Map of Viewpoint North which developer, Bill Ball, plans to finish out after 21 years.

Map of Viewpoint North which developer, Bill Ball, plans to finish out after 21 years.

Bill Ball, owner/developer of the Viewpoint master planned community, is expanding his 21-year-old project with plans to develop the final 150 acres at the north end of the subdivision north of Highway 89A.

To explain the required request for a zoning map change from the Town of Prescott Valley and how the infrastructure and improvements will be financed, he scheduled two meetings, Nov. 4 and Nov. 6.

Resident Michael Hudon attended one of the meetings and is opposed to rezoning from residential single-family homes to multi-family homes. He has concerns over public safety and water assurance issues.

“The residents here at Viewpoint North do not want the irresponsible kind of proposals that will only lead to improper planning and possible fiscal financial woes as it relates to the health and welfare of the residents who built homes and purchased homes for their retirement and or piece of mind — to get away from the downtown living and the troubles of an urban environment,” Hudon wrote in an email to the Tribune Nov. 7.

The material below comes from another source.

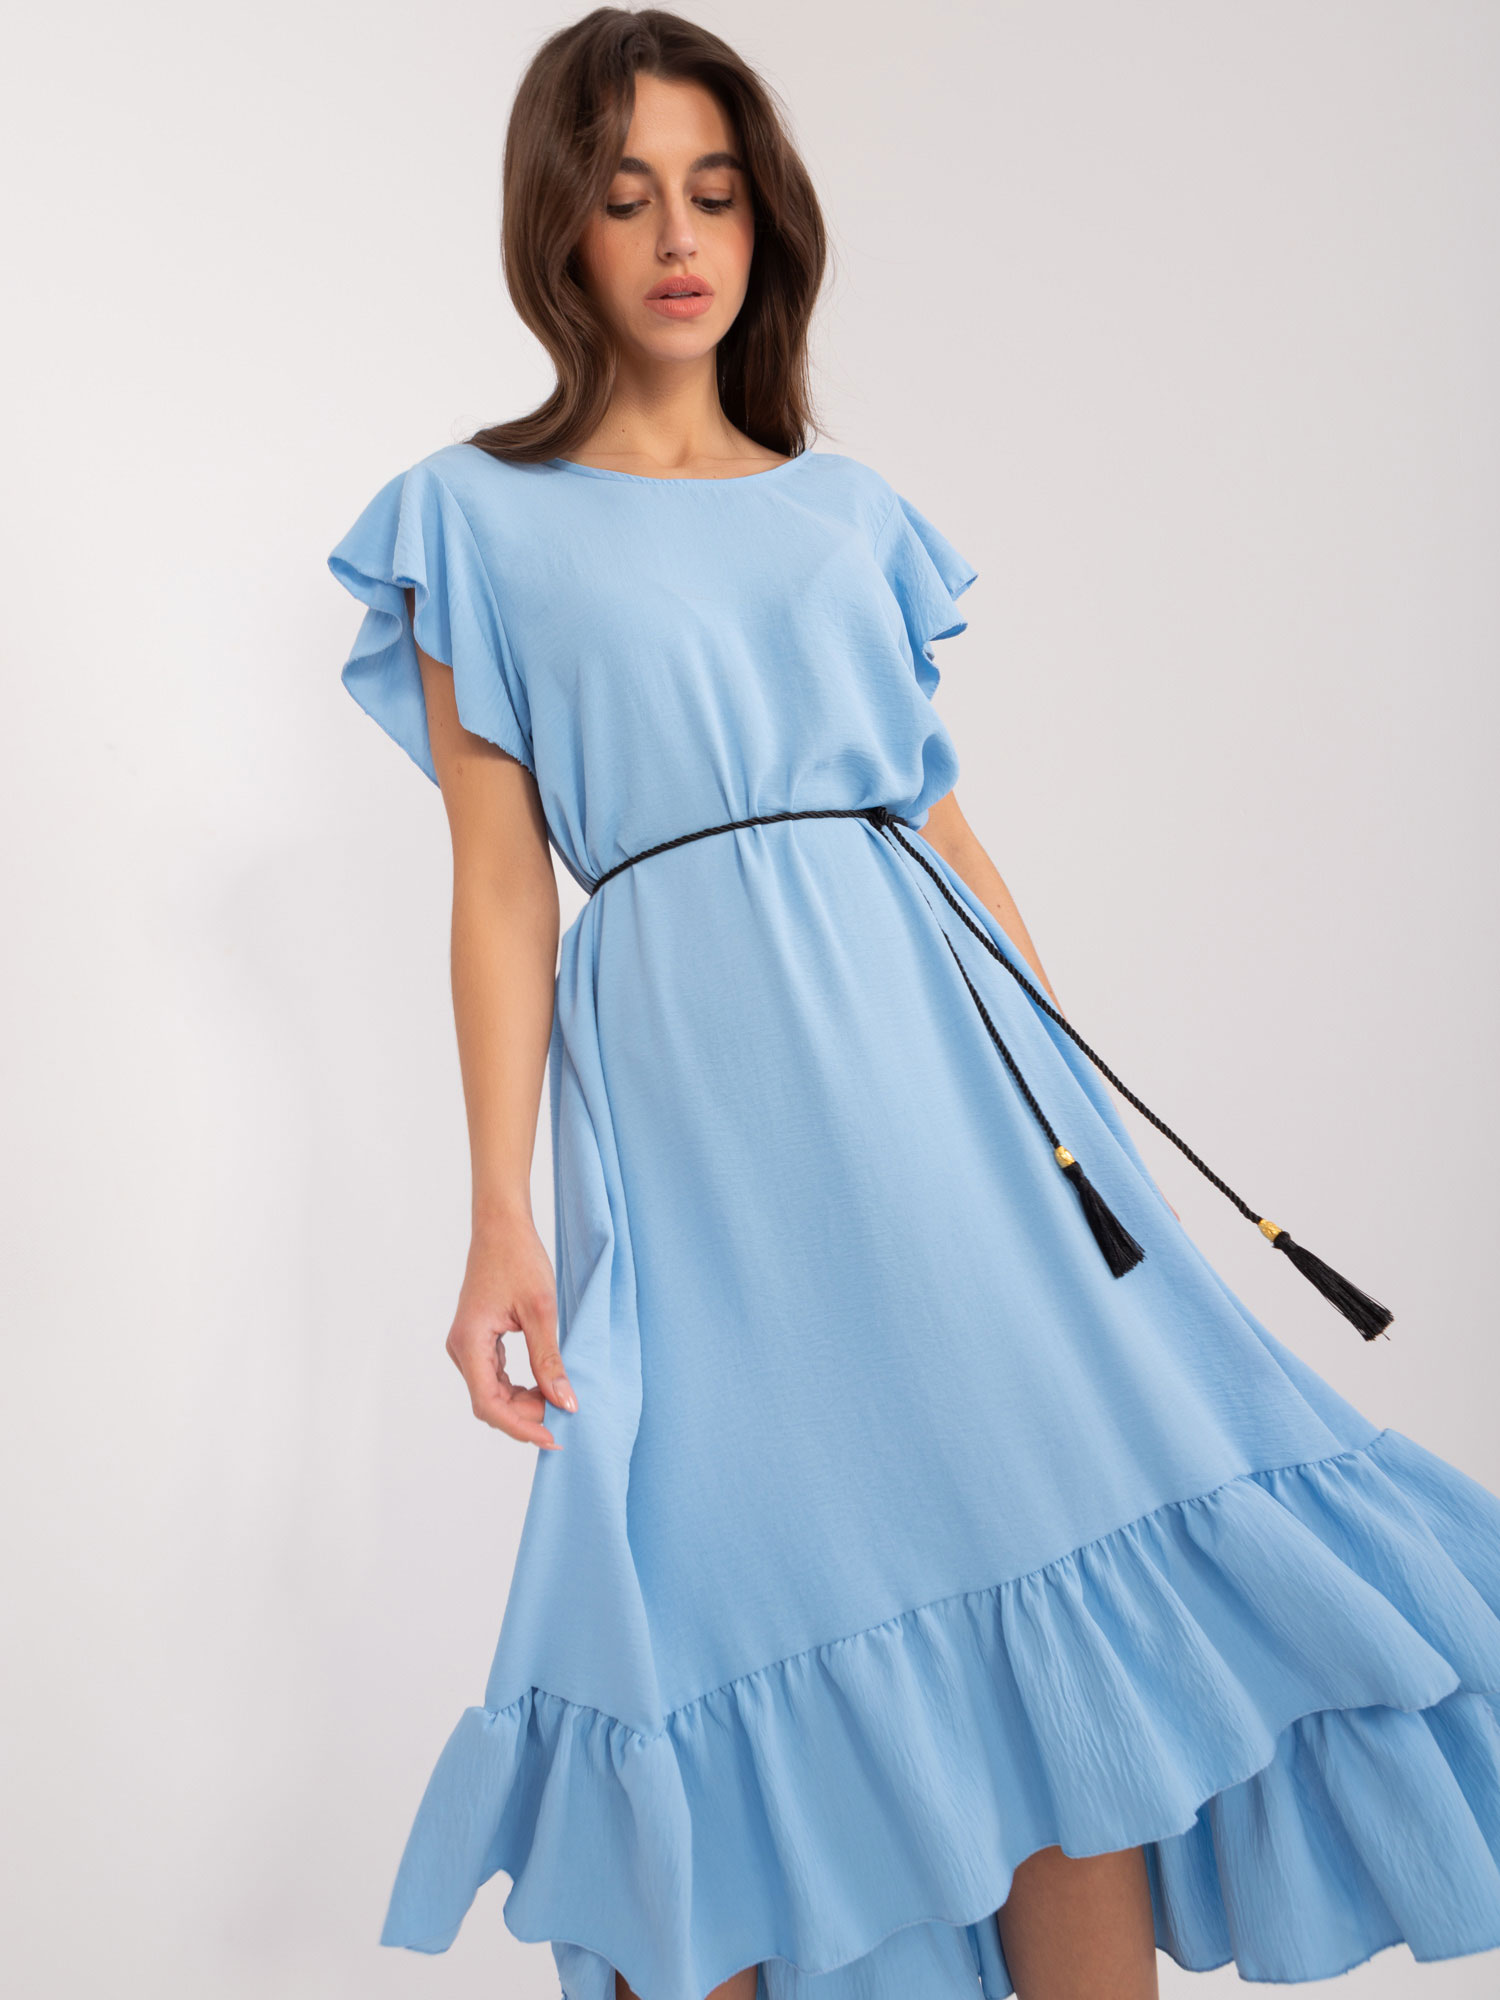 Light blue oversize dress with ruffles

The Viewpoint subdivision, begun in 1994, established Viewpoint North in 1997. It has taken 21 years to develop to its current boundaries, and included improvements such as paved roads, sidewalks, gutters, streetlights and an on-site water system and central sewer system.

Financing the proposed improvements in the new section will take place in phases as construction moves forward, said Richard Parker, Community Development director for Prescott Valley. The developer wants to embed the required offsite improvements into the entitlements.

“What this means is when somebody rezones in a master plan, he set up terms and conditions for the town’s rezoning of the property. Instead of having to do the offsites all at once — expanding Viewpoint Drive, extending Pronghorn Parkway, building additional water capacity — they want to do that as part of each phase,” Parker explained.

The original development agreement has lapsed, he added, so the town will re-entitle and rezone the property. It will contain the same number of units within the same zoning, but will stipulate that at each phase, the developer is responsible for one or two of the offsite improvements.

“The first meeting is at the far north end so people can see how much more land there is to be developed,” said Ellen Babbitt, homeowners association member. “We’re trying to educate people about ‘Here’s where you live and here’s what the future is.’”

The neighborhood meeting is a requirement of the town and precedes a public hearing that will take place at a later date.

Current homeowners have no obligation or responsibility for the financial assurances of the proposed improvements, for which the developer pays and which is built into the cost of the property and new home.

Infrastructure improvements will include a new well and pump, water storage tank, widening of Viewpoint Drive from Pronghorn Parkway to Parkview Drive, and connection from Parkview Drive east to the Pronghorn community.

The Arizona Department of Water Resources has previously issued a Certificate of Assured Water Supply to the developer.